In the k8s documentation they say:
(If you need access to multiple registries, you can create one secret
for each registry. Kubelet will merge any imagePullSecrets into a
single virtual .docker/config.json)
and so the POD definition should be something like this:
apiVersion: v1
kind: Pod
spec:
containers:
- name: ...
imagePullSecrets:
- name: secret1
- name: secret2
- ....
- name: secretN
Now I am not sure how K8S will pick the right secret for each image? will all secrets be verified one by one each time? and how K8S will handle the failed retries? and if a specific amount of unauthorized retries could lead to some lock state in k8sor docker registries?
/ Thanks
You can use following script to add two authentications in one secret
#!/bin/bash
u1="user_1_here"
p1="password_1_here"
auth1=$(echo -n "$u1:$p1" | base64 -w0)
u2="user_2_here"
p2="password_2_here"
auth2=$(echo -n "$u2:$p2" | base64 -w0)
cat <<EOF > docker_config.json
{
"auths": {
"repo1_name_here": {
"auth": "$auth1"
},
"repo2_name_here": {
"auth": "$auth2"
}
}
}
EOF
base64 -w0 docker_config.json > docker_config_b64.json
cat <<EOF | kubectl apply -f -
apiVersion: v1
type: kubernetes.io/dockerconfigjson
kind: Secret
data:
.dockerconfigjson: $(cat docker_config_b64.json)
metadata:
name: specify_secret_name_here
namespace: specify_namespace_here
EOF
Kubernetes isn't going to try all secrets until find the correct. When you create the secret, you are referencing that it's a docker registry:
$ kubectl create secret docker-registry user1-secret --docker-server=https://index.docker.io/v1/ --docker-username=user1 --docker-password=PASSWORD456 --docker-email=user1#email.com
$ kubectl create secret docker-registry user2-secret --docker-server=https://index.docker.io/v1/ --docker-username=user2 --docker-password=PASSWORD123 --docker-email=user2#email.com
$ kubectl get secrets user1-secret -o yaml
apiVersion: v1
data:
.dockerconfigjson: eyJhdXRocyI6eyJkb2NrZXIuZXhhbXBsZS5jb20iOnsidXNlcm5hbWUiOiJrdWJlIiwicGFzc3dvcmQiOiJQV19TVFJJTkciLCJlbWFpbCI6Im15QGVtYWlsLmNvbSIsImF1dGgiOiJhM1ZpWlRwUVYxOVRWRkpKVGtjPSJ9fX0=
kind: Secret
metadata:
creationTimestamp: "2020-01-13T13:15:52Z"
name: user1-secret
namespace: default
resourceVersion: "1515301"
selfLink: /api/v1/namespaces/default/secrets/user1-secret
uid: d2f3bb0c-3606-11ea-a202-42010a8000ad
type: kubernetes.io/dockerconfigjson
As you can see, type is kubernetes.io/dockerconfigjson is telling Kubernetes to treat this differently.

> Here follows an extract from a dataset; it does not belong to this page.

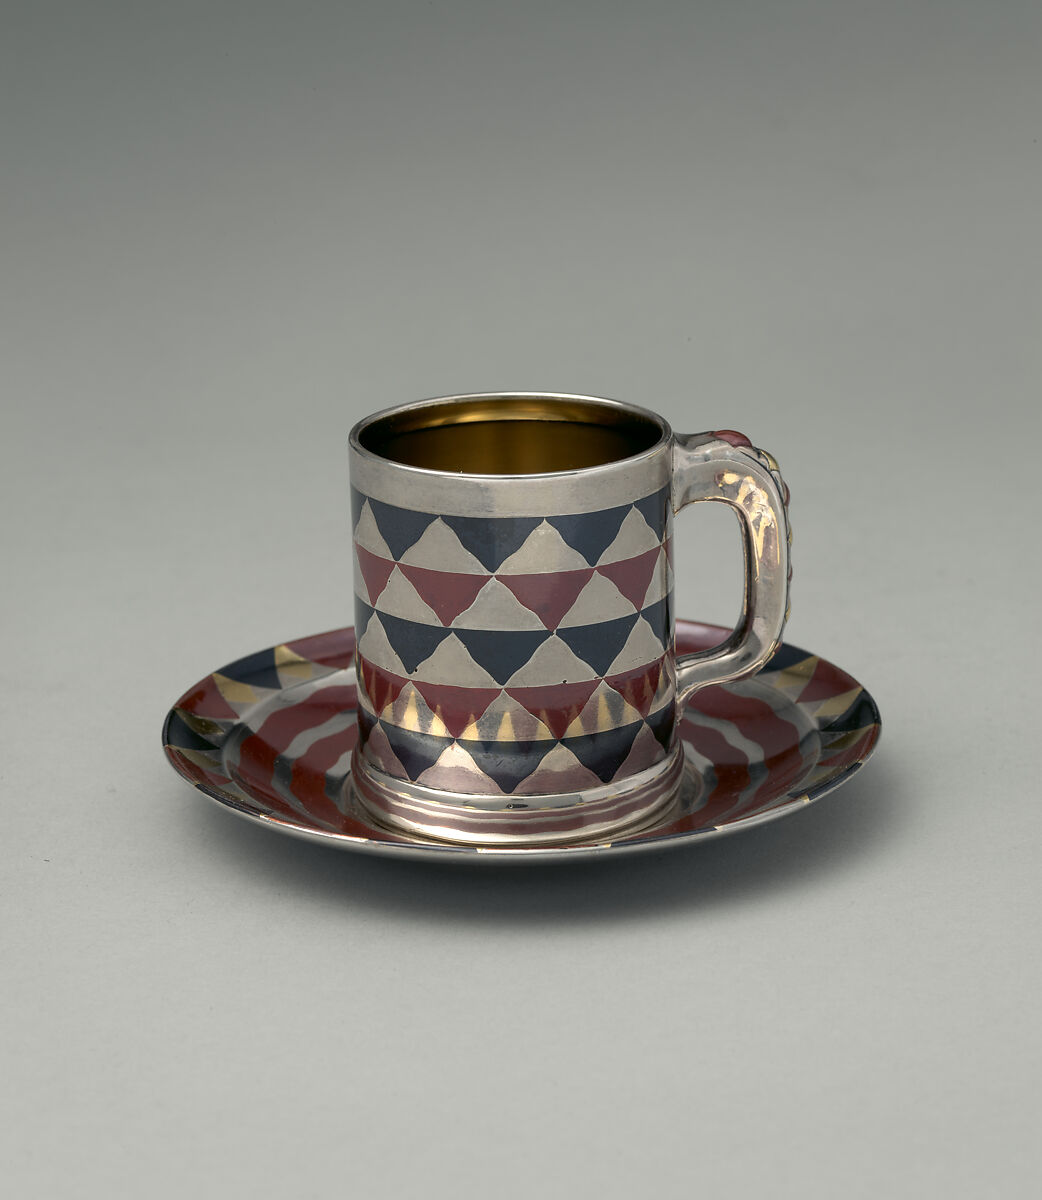 Cup and saucer, Tiffany &amp; Co. (1837–present), Silver, patinated copper,  patinated copper-platinum-iron alloy, and gold, American 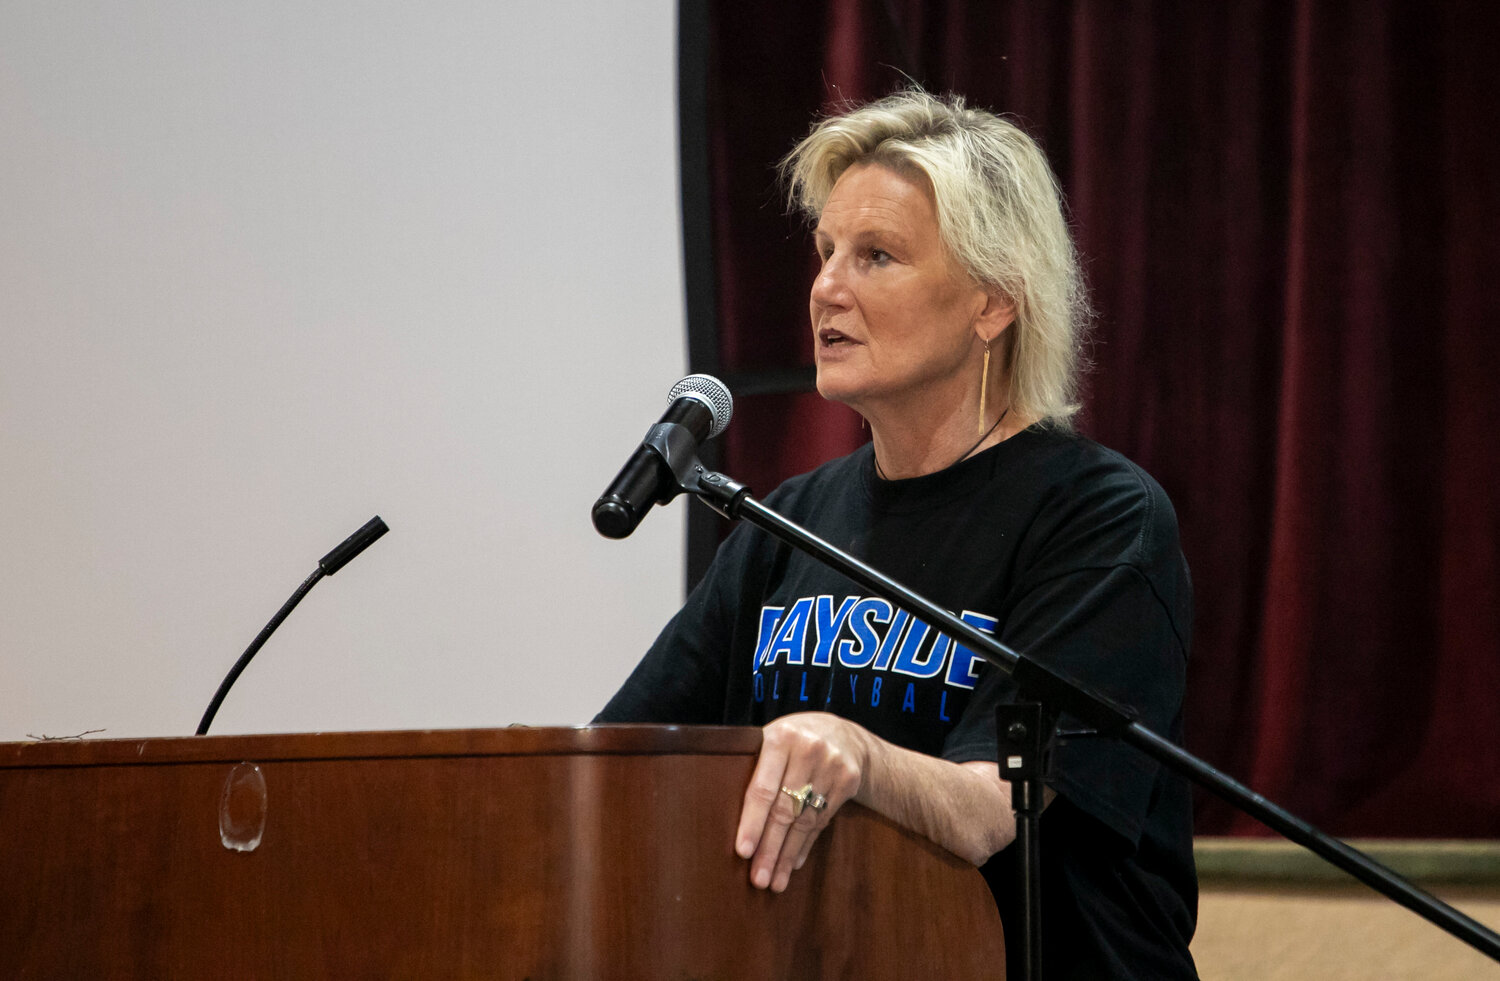 Ann Schilling meets with the media at Trojan Hall in Daphne as part of the Volleyball Media Day on Monday, Aug. 7. Entering her 37th year as the head volleyball coach at Bayside Academy, the Admirals will be on a quest for their 22nd consecutive state title this season.

So, when you reference the address of your container as magic.example.com/magic-image on your yaml, Kubernetes will have enough information to connect the dots and use the right secret to pull your image.
apiVersion: v1
kind: Pod
metadata:
name: busyboxes
namespace: default
spec:
imagePullSecrets:
- name: user1-secret
- name: user2-secret
containers:
- name: jenkins
image: user1/jenkins
imagePullPolicy: Always
- name: busybox
image: user2/busybox
imagePullPolicy: Always
So as this example describes, it's possible to have 2 or more docker registry secrets with the same --docker-server value. Kubernetes will manage to take care of it seamlessly.